- Born: November 23, 1847 Alexandria, Virginia
- Died: June 20, 1939 (aged 91)
- Place of Burial: Camp Butler Cemetery
- Allegiance: United States Union
- Branch: United States Army Union Army
- Rank: Major
- Conflicts: Spanish–American War

= George W. Ford (Buffalo Soldier) =

US military officer (1847-1939)

George William Ford was a U.S. military officer in the Spanish American War and a Buffalo Soldier. Born in Alexandria, Virginia, at George Washington's Mount Vernon Plantation, he joined the 10th Cavalry in 1867 at age 19.

Ford was assigned to Company L. He and his fellow troops protected railroad working crews, and escorted stages and supply wagons.

Ford died in 1939 in Springfield, Illinois, at the age of 91. He was honored with a full military funeral and buried at Camp Butler National Cemetery. He was the last surviving member of the original 10th United States Cavalry.

== Early life ==
Ford was born on November 23, 1847. He was the son of William West and Henrietta Bruce Ford, who were both born free. Ford was the grandson of West Ford, who, in Ford’s oral history, is the African-American son of George Washington. West Ford's story is detailed in the narrative nonfiction book, I Cannot Tell a Lie: The True Story of George Washington's African American Descendants.

All the Ford offspring were educated along with the Washington children at the Mount Vernon Schoolhouse. Ford and his brothers became guardians of the first president's tomb, a position that was handed down to their sons.

Before the Civil War, William Ford moved his family to New York to stay with his wife's relatives. At the end of the Civil War, Ford and his family moved back to Virginia, where they owned a farm next to Mount Vernon.

== Military career ==
=== 10th Cavalry ===
In 1866, Congress passed legislation establishing two cavalry and four infantry regiments of Black men. Ford joined the call to enlist because it gave him purpose and a chance to obtain equal rights in a country that had just finished fighting a Civil War over slavery. At the age of 19, he enlisted with the legendary 10th Cavalry, Company L. He was stationed at Fort Leavenworth in Kansas for his basic training. His commanding officer was Colonel Benjamin Grierson, who was one of the foremost cavalry officers of the Civil War.
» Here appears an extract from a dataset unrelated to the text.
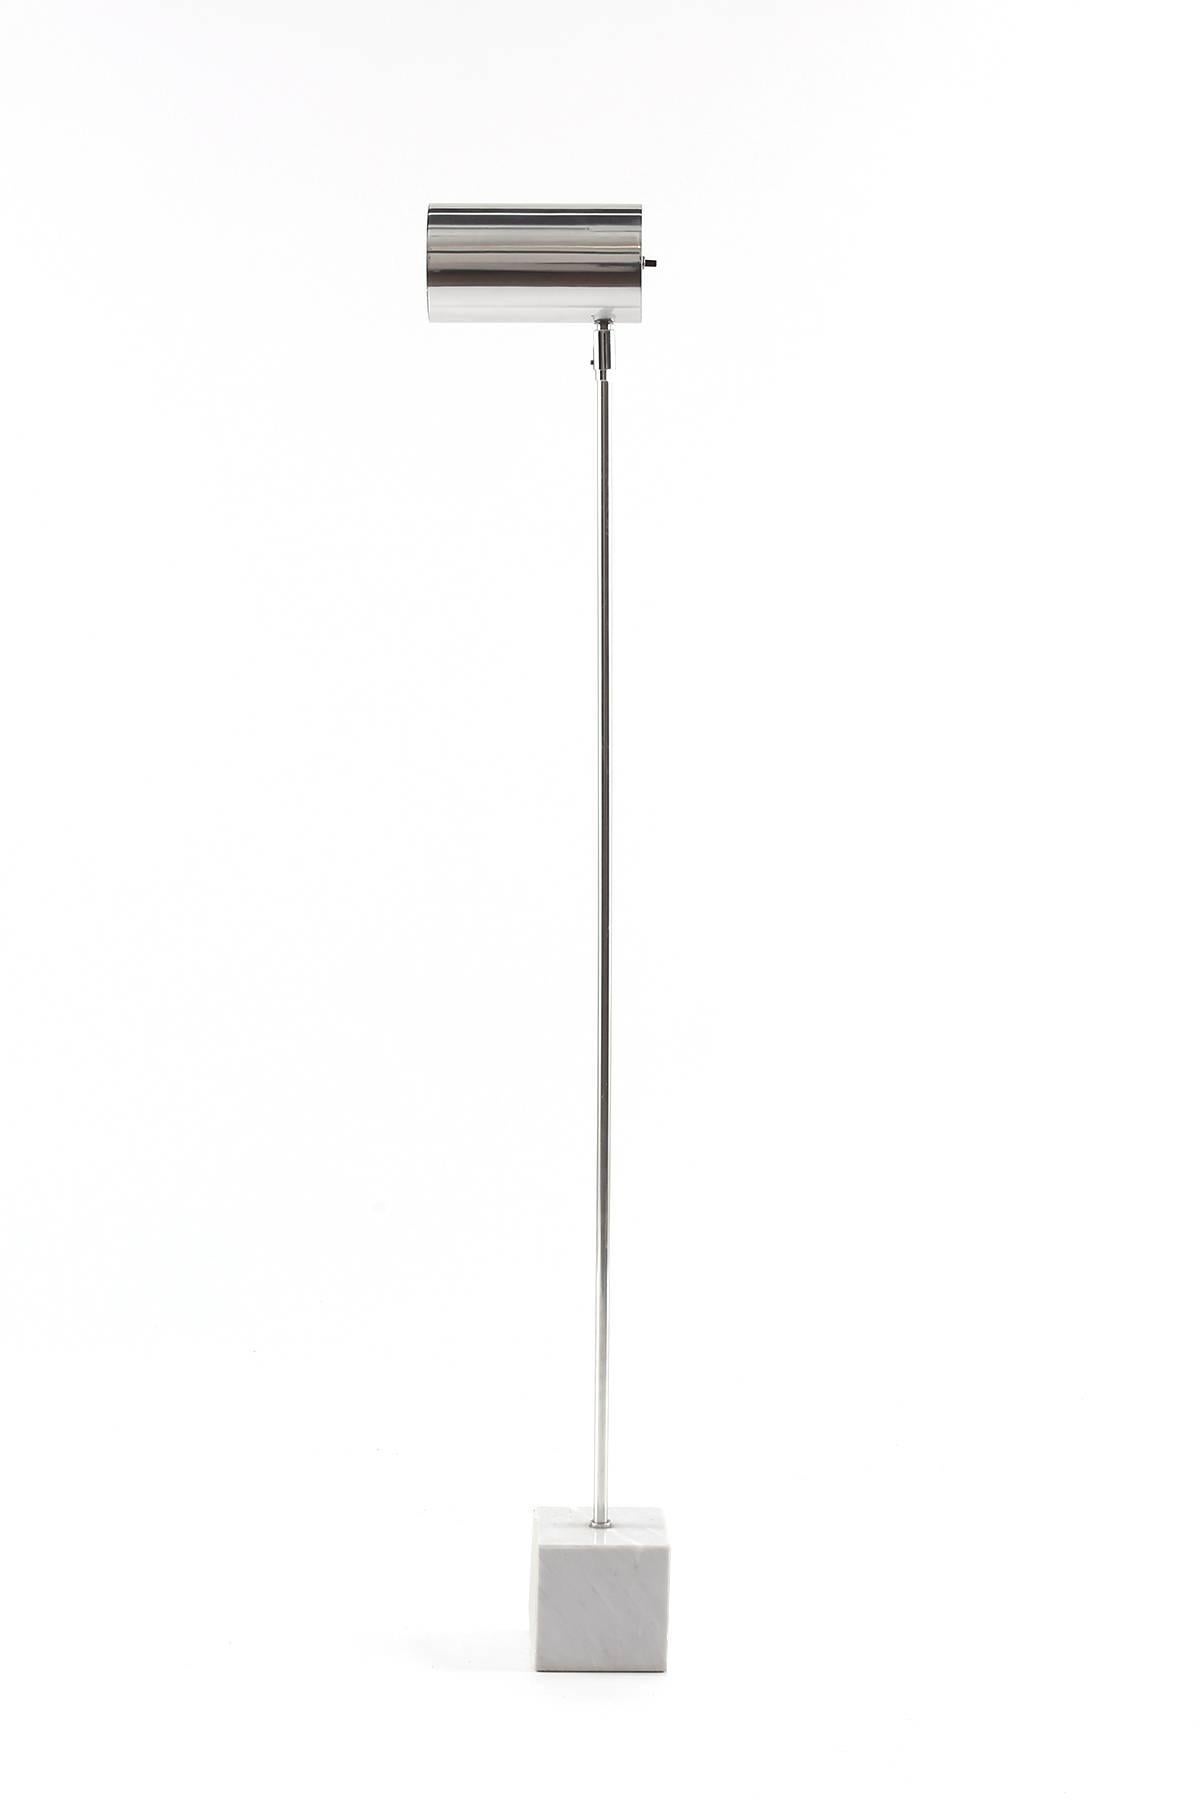 Kovacs calacatta marble and chrome floor lamp circa early 1970s. This example has a pivoting tubular chrome head and solid marble base.

The 10th Cavalry's focus during Ford’s enlistment was keeping the peace between the settlers and the confederated tribes. Ford also served as a mail courier for troops L and D between Ft. Arbuckle, Kansas, and Ft. Gibson, Indiana.

During his second tour of duty, Ford was elevated to sergeant, and his company was sent to Texas under the command of Colonel Wood.

Ford served ten years with his regiment, and was honorably discharged with the rank of regimental quartermaster sergeant. He was commended in General Orders No. 53, Fort Sill, for acts of good judgment and gallantry.

===Spanish-American War===

Ford was 50 years old when he voluntarily enlisted for the Spanish-American War with the rank of major with the Second Battalion of 23rd Kansas Volunteers. Ford and the other Black soldiers going to Cuba were called the "Immune Troops."

== Later life ==
In 1879, Ford married Harriet Bythewood. The couple had eight children: George Jr., James Irwin, Noel Bertram, Elise, Vera, Harriet, Cecil Bruce, and Donald. After Ford mustered out of the military, he worked at Arlington Cemetery for a few months before he was appointed as the superintendent at Chattanooga National Cemetery in Tennessee on November 9, 1878. He was the first African-American to receive this honor. He managed five national cemeteries during his lifetime. Ford finally retired on October 20, 1930, after spending 53 years of service to the establishment.

Continuing with his love of public service, Ford met W.E.B. Du Bois. He accepted an advisory position as secretary of the Army-Navy Committee in the Niagara Movement, a precursor to the NAACP. He also served as the first African-American president of the NAACP branch in Springfield, Illinois, where he fought for equal rights for all.

Ford died in 1939 at 91 of bronchial pneumonia at his home in Springfield, Illinois. He was honored with a full military funeral, and is buried at Camp Butler National Cemetery.